Annual Canadian Construction Association tour gets a makeover

The annual Canadian Construction Association (CCA) Tour undertaken by the association’s chair needs a slight revamp to better serve the industry’s changing landscape, suggests the association’s recent past-chair.

“We need to be more current and play more of a listening role to see if we can pick up emerging trends that are coming from our members at the grassroots (level),” said Dee Miller, who chaired the association last year.

“As our tour went on (in 2011) our presentations took on a more current tone. Some associations or members do not go to the conferences we go to. We tried to include more economic data because they do not necessarily have that information.”

Each year, the chair is tasked with taking on the CCA Tour, which is a tour of members and partner associations geared to help the association learn first-hand their concerns and views on the hot issues of the day, explained Miller.

She made her comments during the recent CCA conference.

The CCA’s new chair is John Schubert.

Miller noted that among the topics discussed regularly during the 2011 CCA tour were:

increasing foreign or out-of-province competition and the different business practices that come with those outside firms;

larger project values/sizes often due to bundling;

changing project delivery/procurement practices;

labour supply/capacity challenges.

During the CCA Tour’s stop with the Construction Association of Nova Scotia (CANS) in October 2011, Miller and Michael Atkinson, association president, were present during that association’s strategic planning session.

“Participants were asked to identify what they believed to be the chief issues and objectives that should be addressed in the new CANS strategic plan,” reported Miller.

“It was somewhat reassuring that in Nova Scotia the items in their strategic planning sessions were absolutely bang on with everything we were working on,” she explained.

“That reinforced that we are going in the right direction.”

As the 2011 tour continued, the CCA modified their presentations.

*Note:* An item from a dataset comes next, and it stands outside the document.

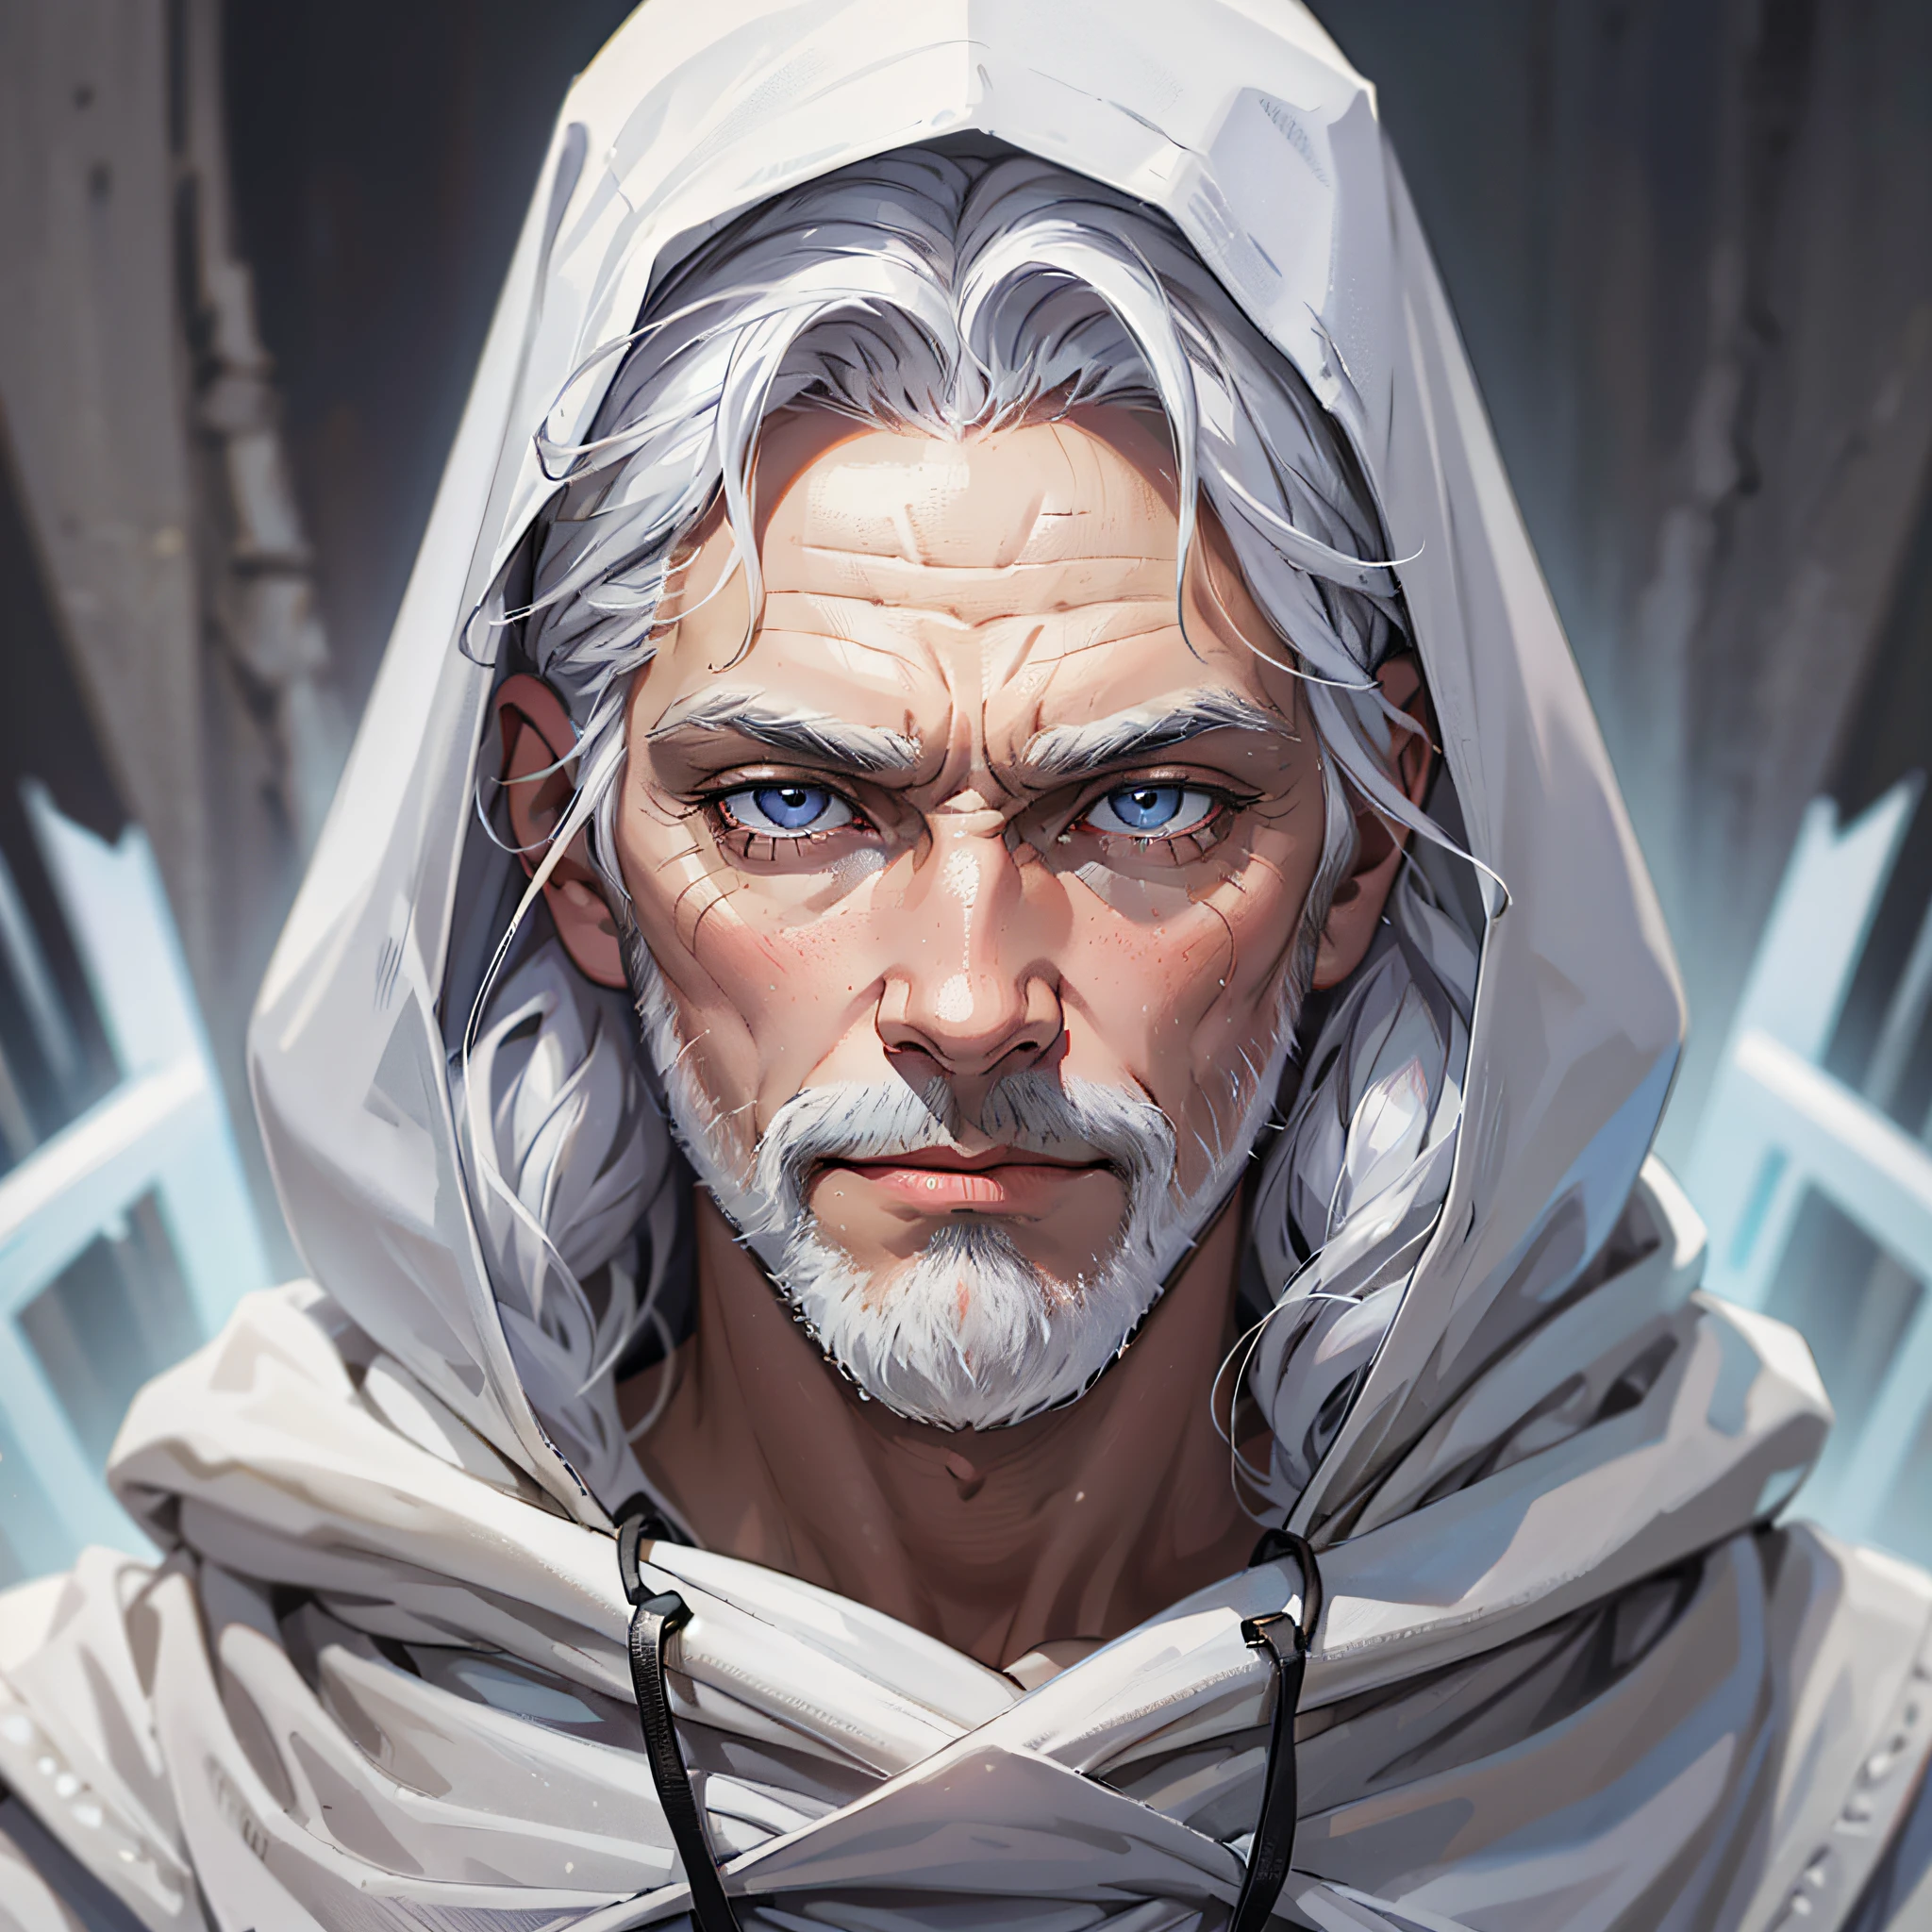 Portrait Rpg, close-up, Race: Human, Gender: Male, Male; Age: 50 years; Eyes: completely white without irises; Skin color: Frozen skin, Hair: Light gray, Physique: slim build, Facial features: White beard and various Cicatrix, Expression: Determined look, Equipment: white linen clothing with hood, Background: Ice, (Masterpiece, best quality, high: 1.4), detailed, intricate details, 4K, splashes of color, line art, fibonacci
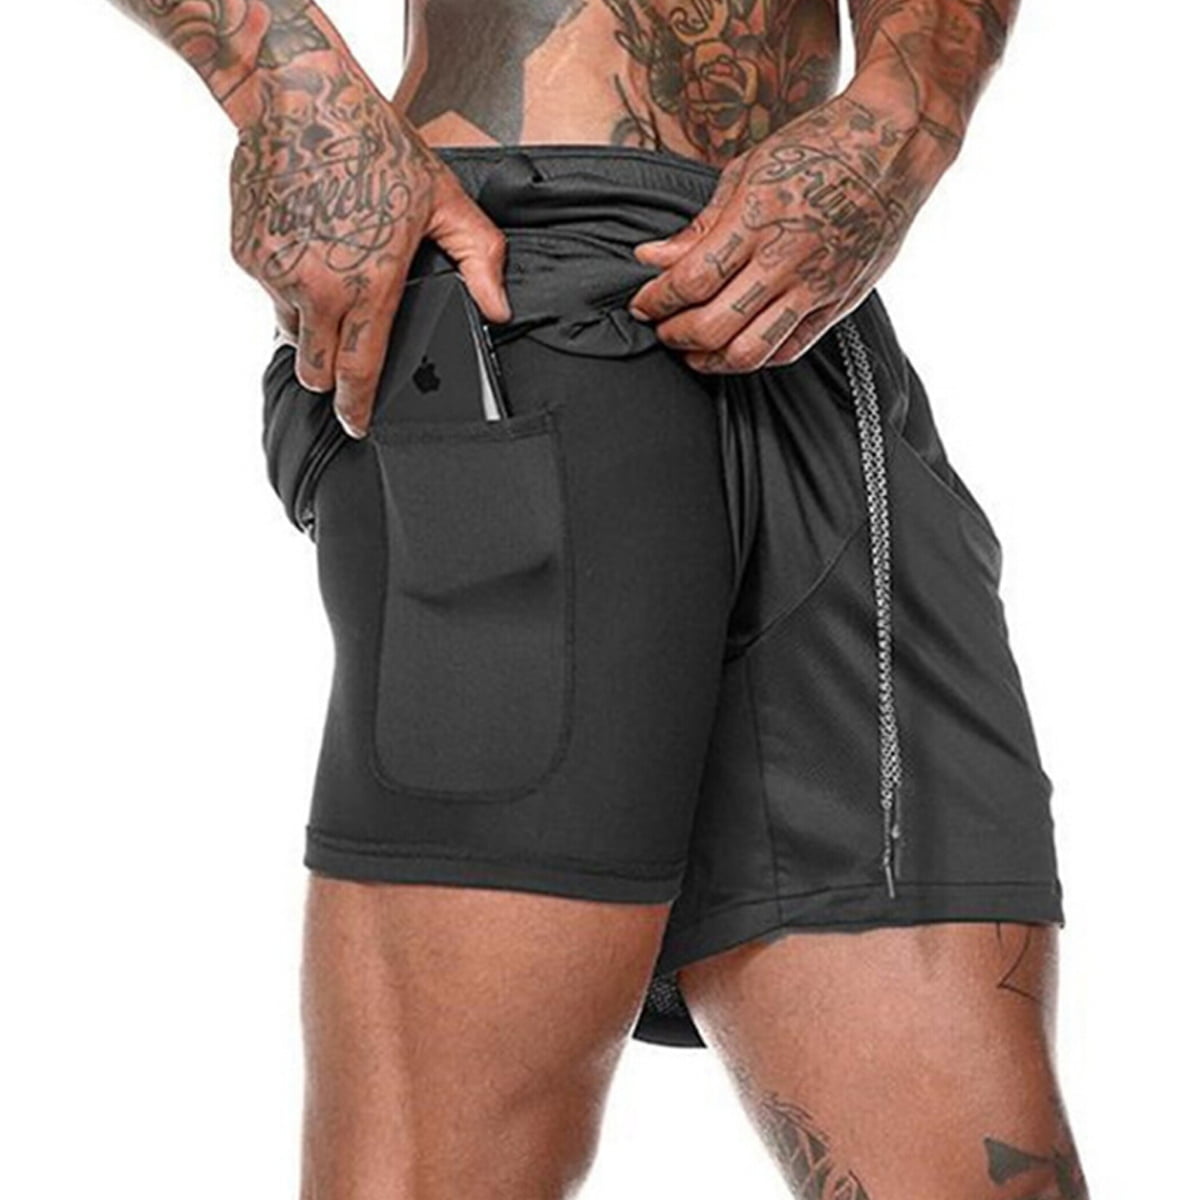 YAWHO Mens Workout Running Shorts Sports Fitness Gym Training Quick Dry Athletic Performance Shorts with Zip Pockets

“We tried to bring more economic data both provincially and nationally because grassroots stakeholders do not necessarily attend our conferences and do not hear about those trends and what is happening,” explained Miller.

A taskforce has been created by the CCA to focus on board governance which includes taking a closer look at the tour.

Strategic objectives and resource allocation for the tour will be looked at and maybe even more CCA executive committee members will be enlisted in order to cover more turf during the tour, added Miller.

The like-minded major points between the CANS and CCA strategic plans were advocacy, government relations, lobbying, promotion of best/standard practices, communication and foreign competition.

The CCA’s new strategic plan, for the next three years, has objective areas concerning advocacy, best practices, communications, partnership, membership retention and growth, advanced business practices and organization capacity.